Is there a categorical variable here? That’s what it looks like from the
bugs code. But from your original question it looks like everything is
actually continuous.

Yes A and B are continuous (gaussian), however technically, a.p[,2] is non continuous (a vector containing posterior draws). Maybe dcat() is needed so that the distribution of the draws can be assigned to a.M0.

edit: By the way, I implemented the generated quantities block without the loop, otherwise Stan gives me back N columns of simulations (A[1], A[2], …, A[N])

data {
int N;
vector[N] B;
vector[N] A;
}
parameters {
real betaA0; //Intercept of A
real sigmaA; //Standard deviation of A
real betaB0; //Intercept of B
real betaB1; //Slope of B
real sigmaB; //Standard deviation of B
}
model {
betaA0 ~ cauchy(0,10); //prior for the intercept following Gelman 2008
betaB0 ~ cauchy(0,10); //prior for the intercept following Gelman 2008
betaB1 ~ cauchy(0,2.5);//prior for the slopes following Gelman 2008
A ~ normal(betaA0, sigmaA);
B ~ normal(betaB0 + betaB1 * A, sigmaB);
}
generated quantities {
real Asim;
real Bsim;
Asim = normal_rng(betaA0, sigmaA);
Bsim = normal_rng(betaB0 + betaB1 * Asim, sigmaB);
}

Does that still make use of the posterior distributions properly?

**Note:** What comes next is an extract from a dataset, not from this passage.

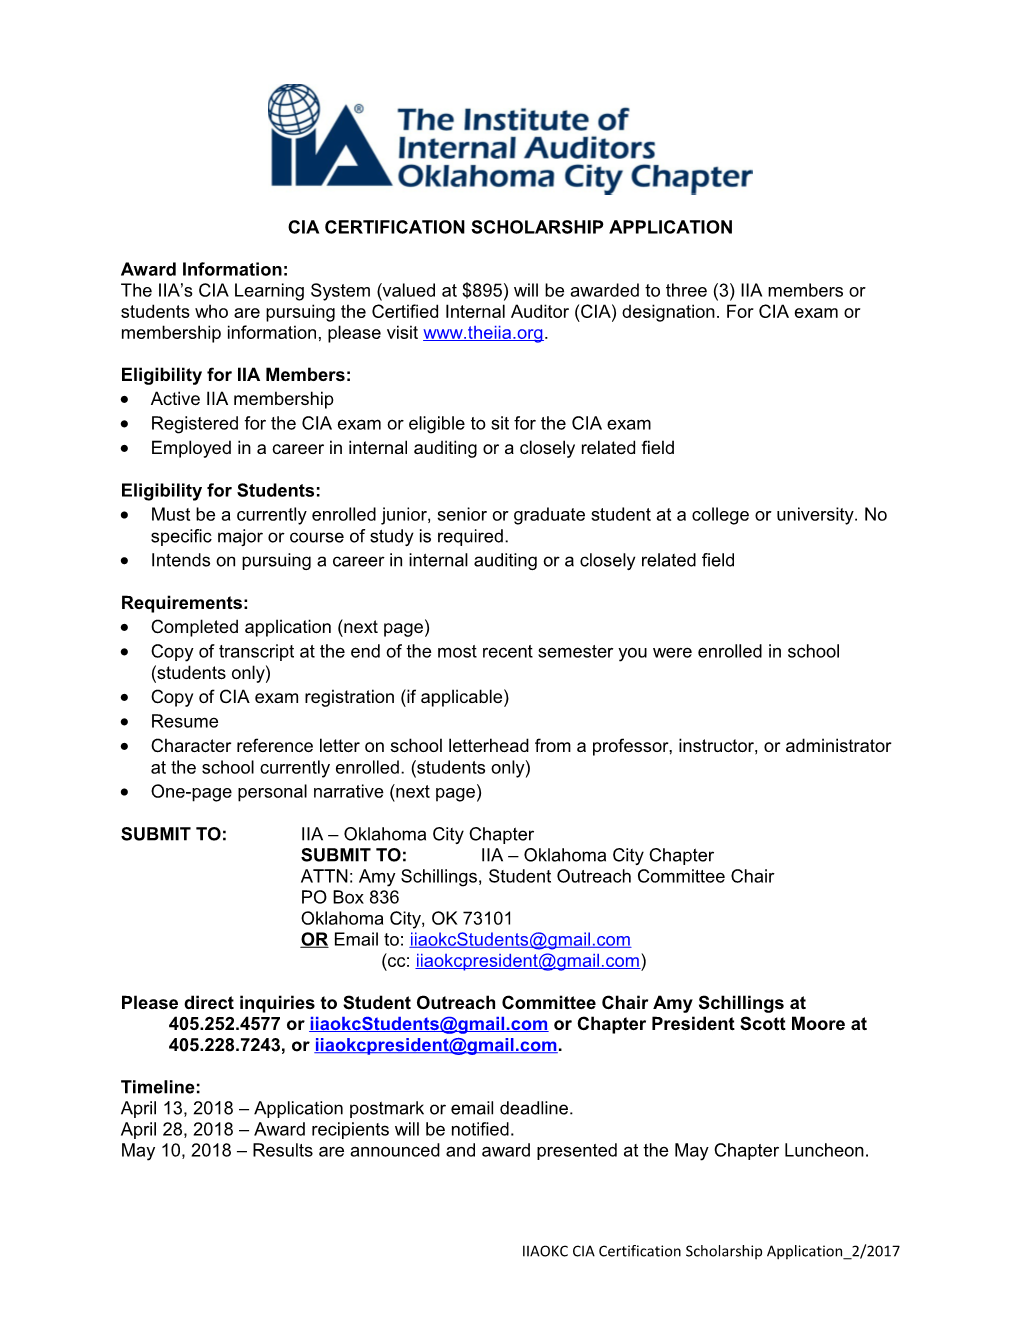 IIA Scholarship Application Form

Right, if you do it in a loop from 1:N then for every iteration of the Markov chain you will get a simulation of the entire A vector (which has N elements). The resulting matrix will have dimensions S x N where S is the number of simulations (post-warmup iterations) and N is the number of data points in A. So each row is a simulation of the whole N-vector A.

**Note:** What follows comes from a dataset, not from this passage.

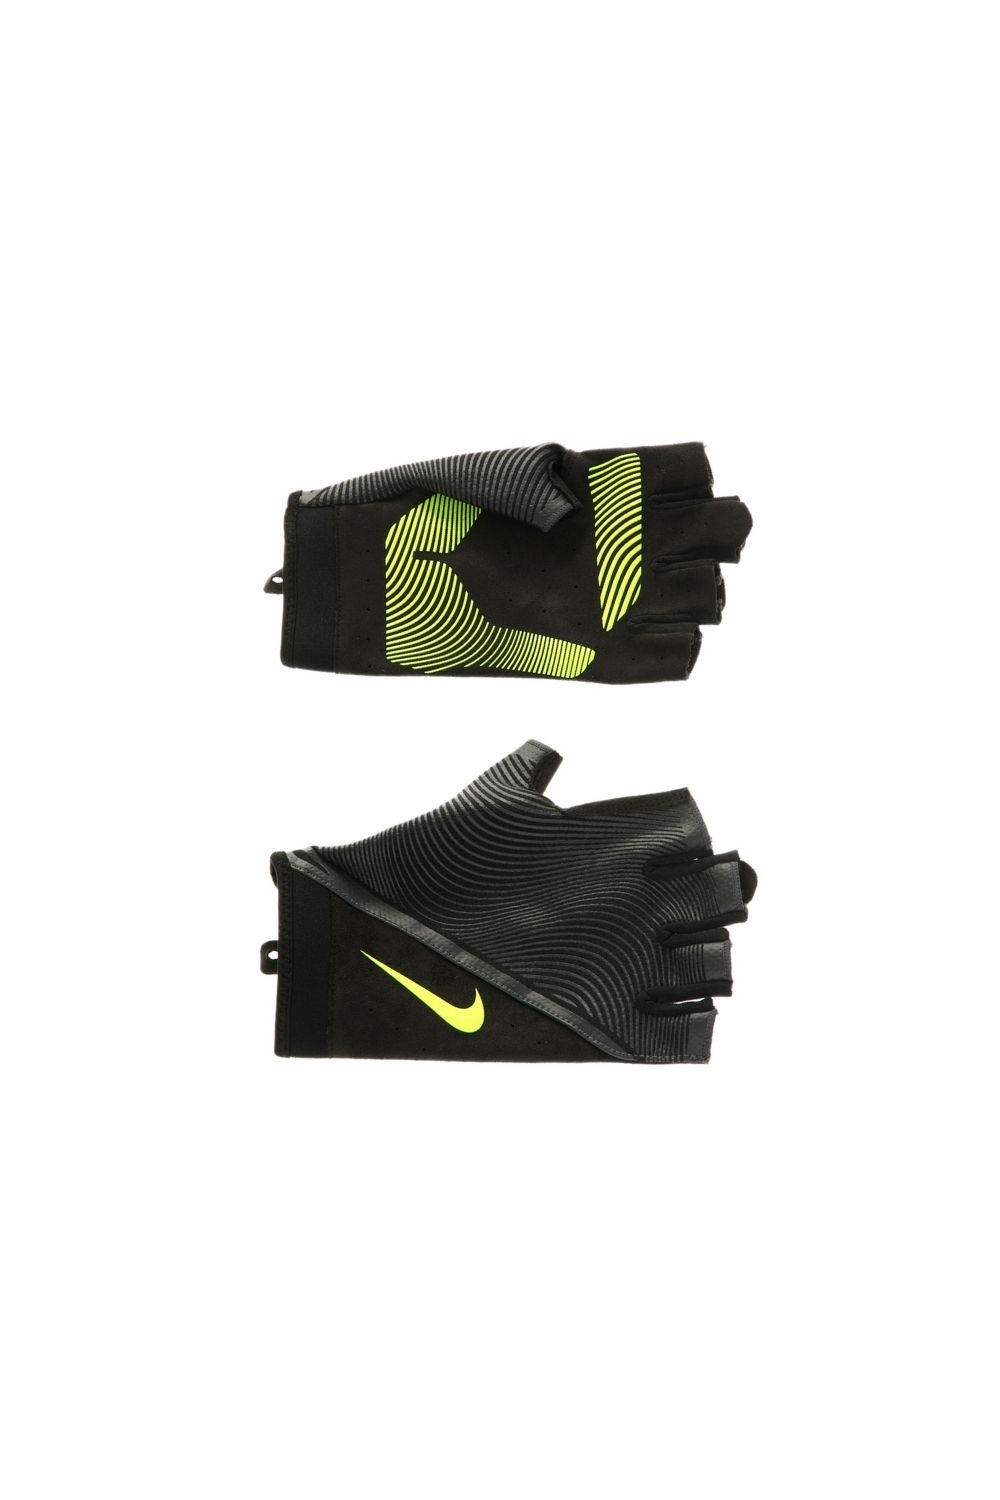 NIKE - Ανδρικά γάντια προπόνησης NIKE MEN'S HAVOC TRAINING μαύρα Ανδρικά/Αξεσουάρ/Αθλητικά Είδη/Εξοπλισμός

The way you now have the generated quantities block it simulates a single value for A (instead of the whole A vector) at each iteration of the Markov chain.

Both ways give you one simulation per iteration (i.e. they both result in the same number of rows when you extract as a matrix), so they both account for the posterior uncertainty.

1 Like

Yes great, that makes sense. If I may ask one last question, I tried to apply the same procedure to the same network, however with A binomially distributed instead of gaussian.

data{
  int N;
  int A[N];
  vector[N] B;
}
parameters {
  real betaA0; //Intercept of A
  real betaB0; //Intercept of B
  real betaB1; //Slope of B
  real<lower=0> sigmaB; //Standard deviation of B
}
model {
  betaA0 ~ cauchy(0,10); //prior for the intercept following Gelman 2008
  betaB0 ~ cauchy(0,10); //prior for the intercept following Gelman 2008
  betaB1 ~ cauchy(0,2.5);//prior for the slopes following Gelman 2008
  A ~ bernoulli_logit(betaA0);
  B ~ normal(betaB0 + betaB1 * A, sigmaB);
}
generated quantities {
  int Asim;
  real Bsim;
  Asim = bernoulli_rng(1/(1 + exp(betaA0)));
  Bsim = normal_rng(betaB0 + betaB1 * Asim, sigmaB);
}

Unfortunately, I’m multiplying a real value and an integer when modelling B, which gives the error:

No matches for: 
  real * int[]

Is there any way around that?

You can multiply a real number by an integer but not by a whole array of
integers at once. One way to get around that is to do the multiplication in
a loop. At the top of the model block you could use a temporary variable
and do something like this:

vector[N] b_mean;
for (n in 1:N) {
 b_mean[n] = betaB0 + betaB1 * A[n];
}

and then use b_mean inside of normal() later in the model block. b_mean
won’t get saved in the output but it will just be used in the model block.

1 Like

Thank you very much, Jonah. Great support.

Glad you’re giving Stan a try. Happy to help.

One more thing I overlooked before: these Cauchy priors are probably heavier tailed than what we (including @andrewgelman) would recommend these days. We have a wiki with a collection of tips about priors (from Andrew and others) that might be useful:

http://andrewgelman.com/2017/04/28/prior-choice-recommendations-wiki/

Oh okay, I’ll have a look. Thanks.

The posterior draws are joint posteriors. If you take subsets of the parameters, the draws are from the joint marginal posteriors. In the limit, if you just look at one parameter, it’s from the marginal posterior for that parameter.

int b[N];
real a;
...
vector[K] ab = a * to_vector(b);
1 Like

Yeah this bit is what I was attempting to convey.

Thanks for the reminder aboutto_vector as an alternative to the loop. I keep forgetting we have that.